BACKGROUND: Antiretroviral treatment (ART) improves the health and prolongs the lives of persons with HIV. The current U.S. HIV treatment guidelines support initiation of ART for persons with HIV for their personal health benefit and to prevent transmission of HIV infection. However, to maximize individual and public health benefits, high levels of adherence to ART are critical. This analysis examines the types of clinical and nonclinical barriers to ART initiation for clinically-eligible individuals, and the patient- and provider-related factors associated with these barriers among HIV-infected patients in Houston/Harris County, Texas.
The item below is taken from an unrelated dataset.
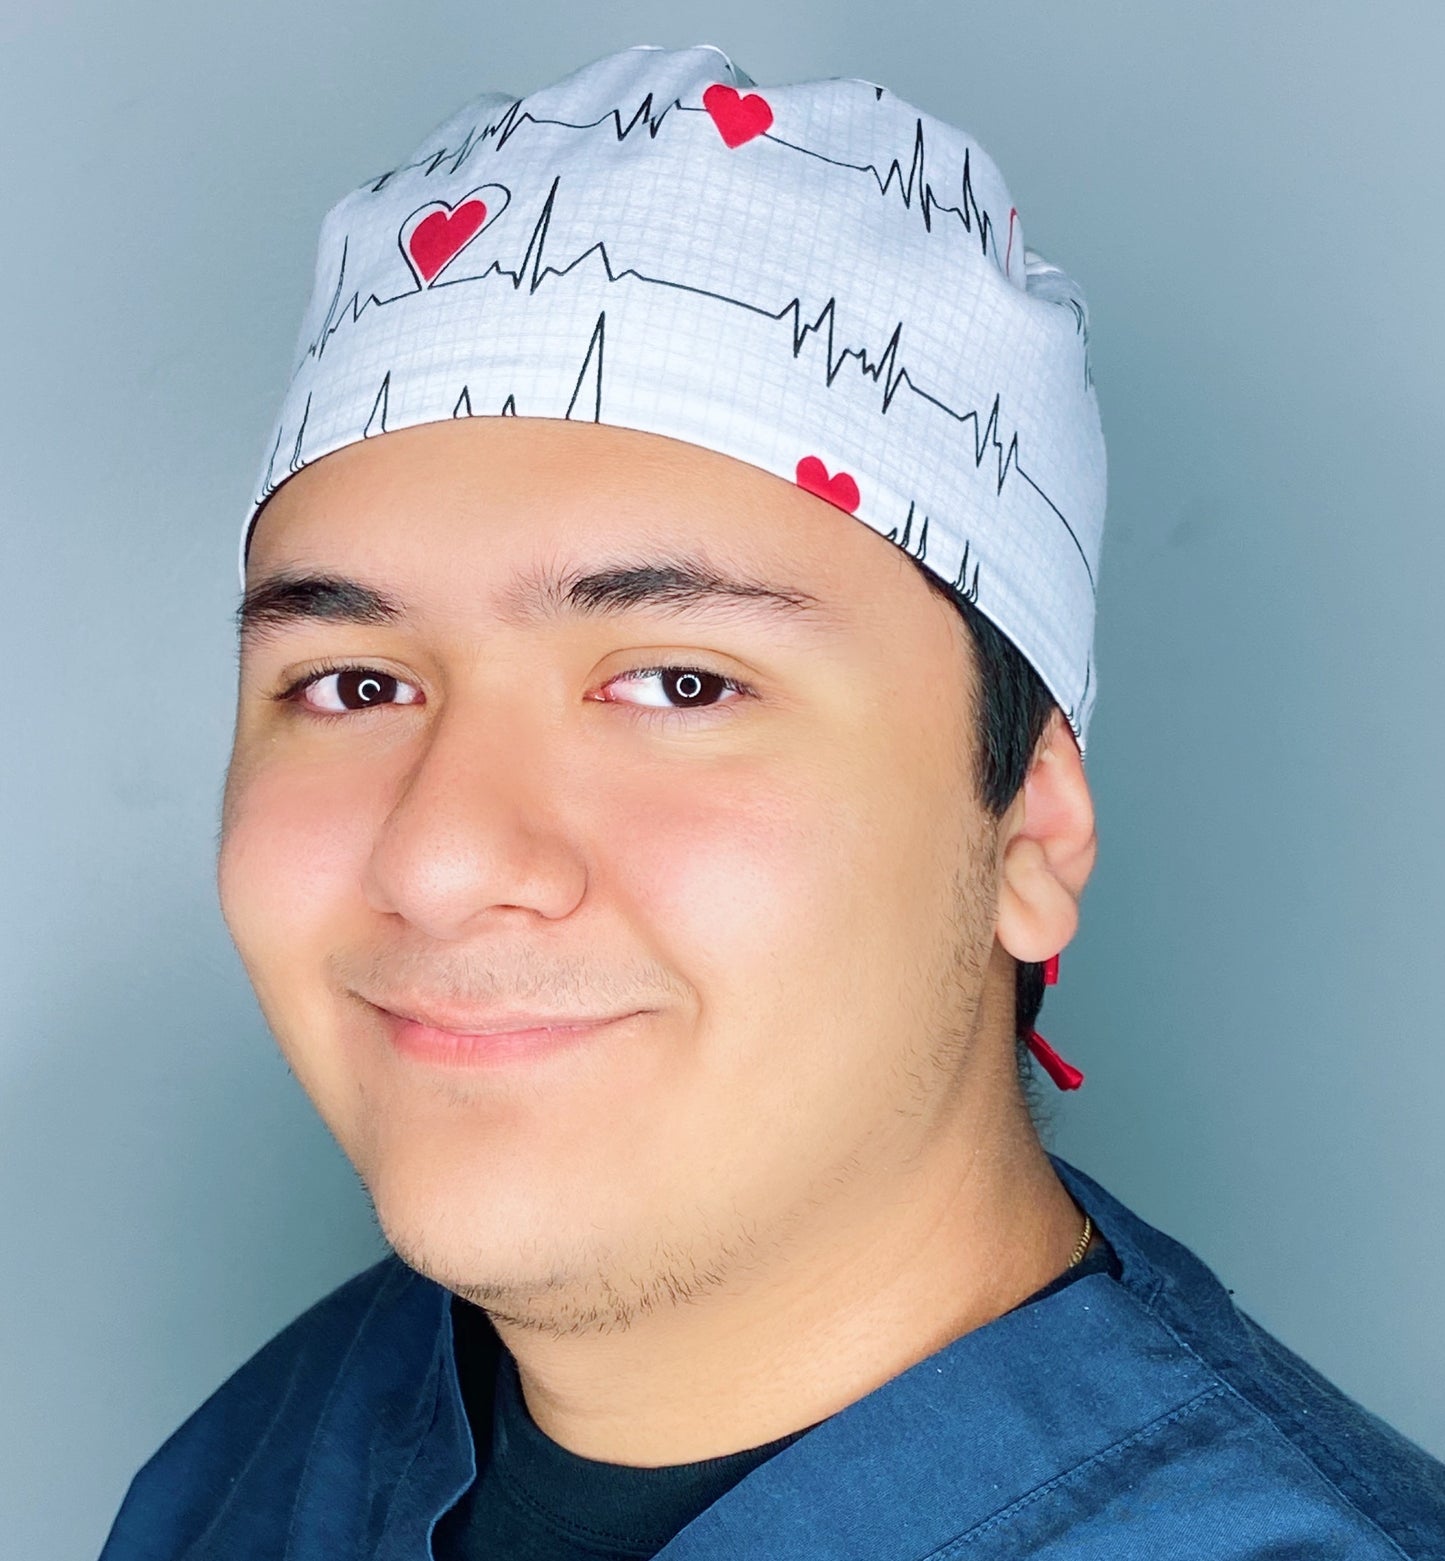 EKG & Hearts on White Unisex Medical Theme Scrub Cap

METHODS: Data used for this analysis was based on a probability sample of HIV Care clinicians (HCC) in 13 outpatient facilities in Houston/Harris County, Texas surveyed between June and September of 2009. An inductive thematic approach was used to code clinicians’ responses to the open-ended question that asked the main reasons why they may delay initiating ART in patients who are clinically eligible. These resulted in the classification of the reasons into four main themes (behavioral, psychosocial, structural and clinical condition) and nine subthemes.
RESULTS: HIV care clinicians generally delayed ART for patients because of concerns about adherence. The nonclinical reasons given by HCC for delaying ART were related to behavioral (45.7%), psychosocial (28.3%), structural (13.0%) concerns. Only 13% of the HCC reported delaying ART because of the patients’ clinical conditions. Under behavioral concerns, 57.1% of the HCC reported patients’ refusal or none readiness and poor appointment adherence (28.6%) as the main reasons for delaying ART. Psychosocial concerns were mostly related to substance abuse (53.8%) and chaotic and unstable lifestyle (30.8%). HCC and patients characteristics were associated with nonclinical reasons for delaying ART among clinically eligible HIV-infected patients.
CONCLUSIONS: The findings highlight the fact that clinical guidelines are only a starting point for medical decision making and point to the important roles that patients themselves have to play. Clinicians access to referrals for other medical issues and support services, and patient treatment education may help to improve adherence and patient readiness for therapy.